Russia began introducing tougher controls on smoking last summer, banning smoking in government buildings and advertising by tobacco companies.
As of June 1, smoking is also banned in bars, restaurants, hotels and on trains, and cigarettes will no longer be on display in shops or sold in kiosks. Many other nations already have similar restrictions. Some smokers say they understand the reason for introducing the restrictions, but say smokers' rights should be respected as well.
"Children are out walking and one sits there and smokes or drinks alcohol.
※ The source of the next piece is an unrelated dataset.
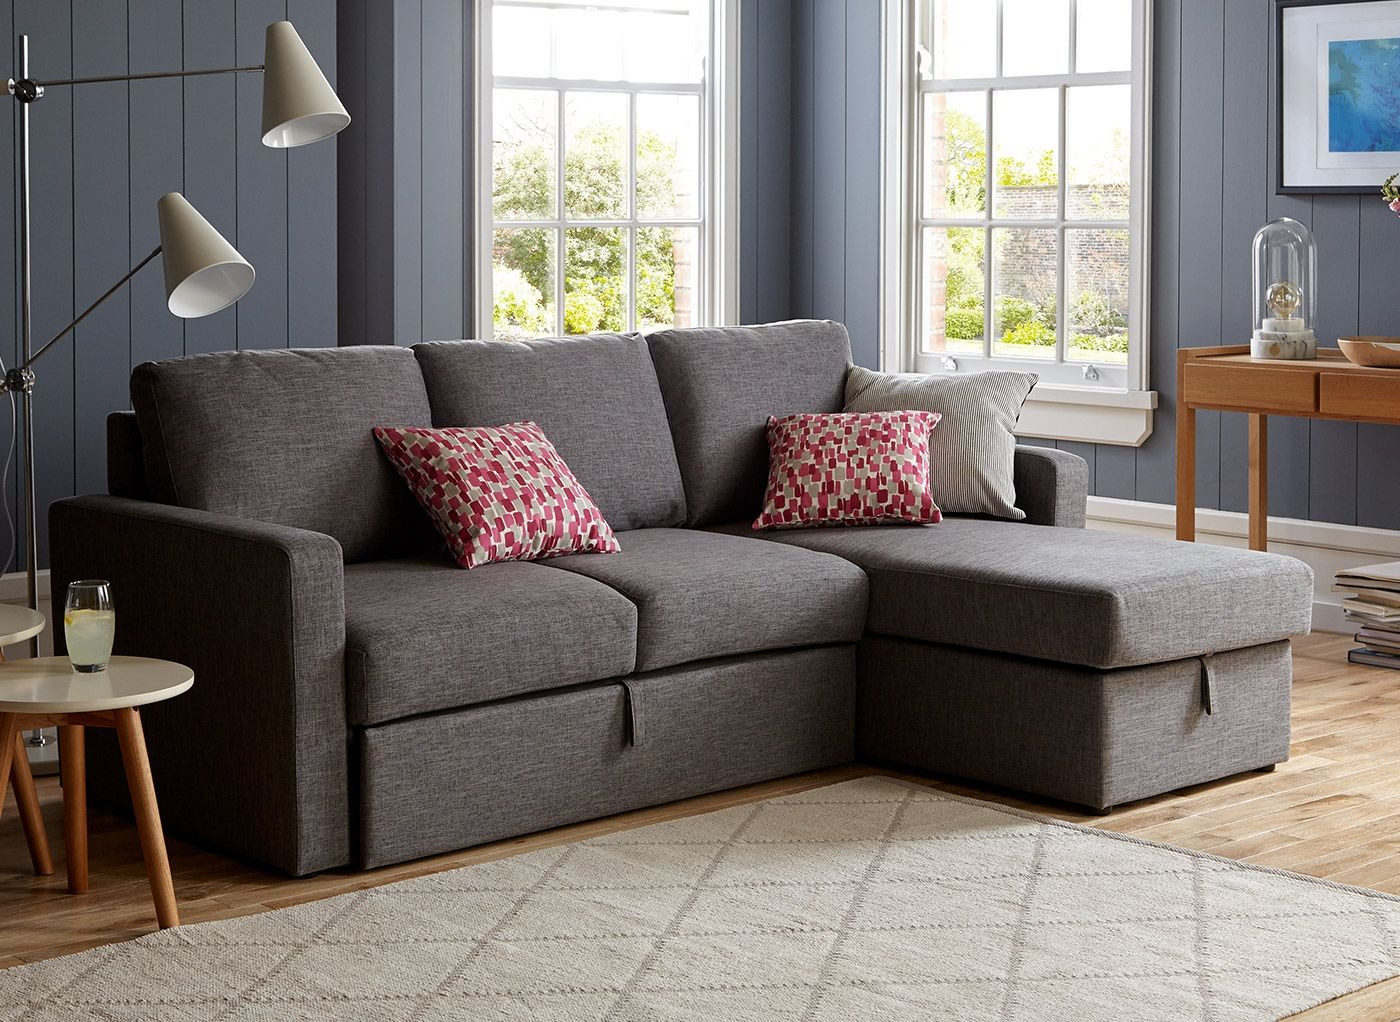 Sofa pictures. Модные расцветки диванов. Угловые диваны для гостиной со спальным местом в современном стиле. Красивые расцветки диванов. Идеальный диван.

There should be special places for this and I think there is enough money here to do that," said Yuri, who is visiting Moscow.
Bar and restaurant owners are fiercely opposed, fearing bans will cut business. Olga, a restaurant worker in central Moscow, said: "We had two smoking areas, one on a porch and one smoking room. Yes, I can say there are fewer guests now, but now we have non-smokers with more children."
According to a recent poll by independent Russian pollster Levada Centre, 82 percent of Russian restaurateurs expect customer numbers to drop from Sunday.
The World Health Organization says that smoking kills 5.4 million people worldwide every year.
Inna, a non-smoker said she supports the ban for health reasons.
"I think they (smokers) should also have some rights, but they shouldn't interfere with my life, the life of a person who never smoked," she said.
But for Russia's hardened smokers, the ban is nothing short of discrimination.
Moscow resident and smoker Vladimir was asked whether he supports the ban.
"Not really, then there should be special smoking places everywhere so people would also be able to smoke," he said, after smoking a cigarette on the square just outside the Kremlin wall.
The ban is the latest measure under President Vladimir Putin to promote healthy lifestyles - which goes hand in hand with his support for what he calls traditional values - and stem a population decline that began after the Soviet breakup.
Putin's government hopes to reduce the share of the adult population that smokes from 39 percent, one of the highest rates in the world, to 25 percent by 2020.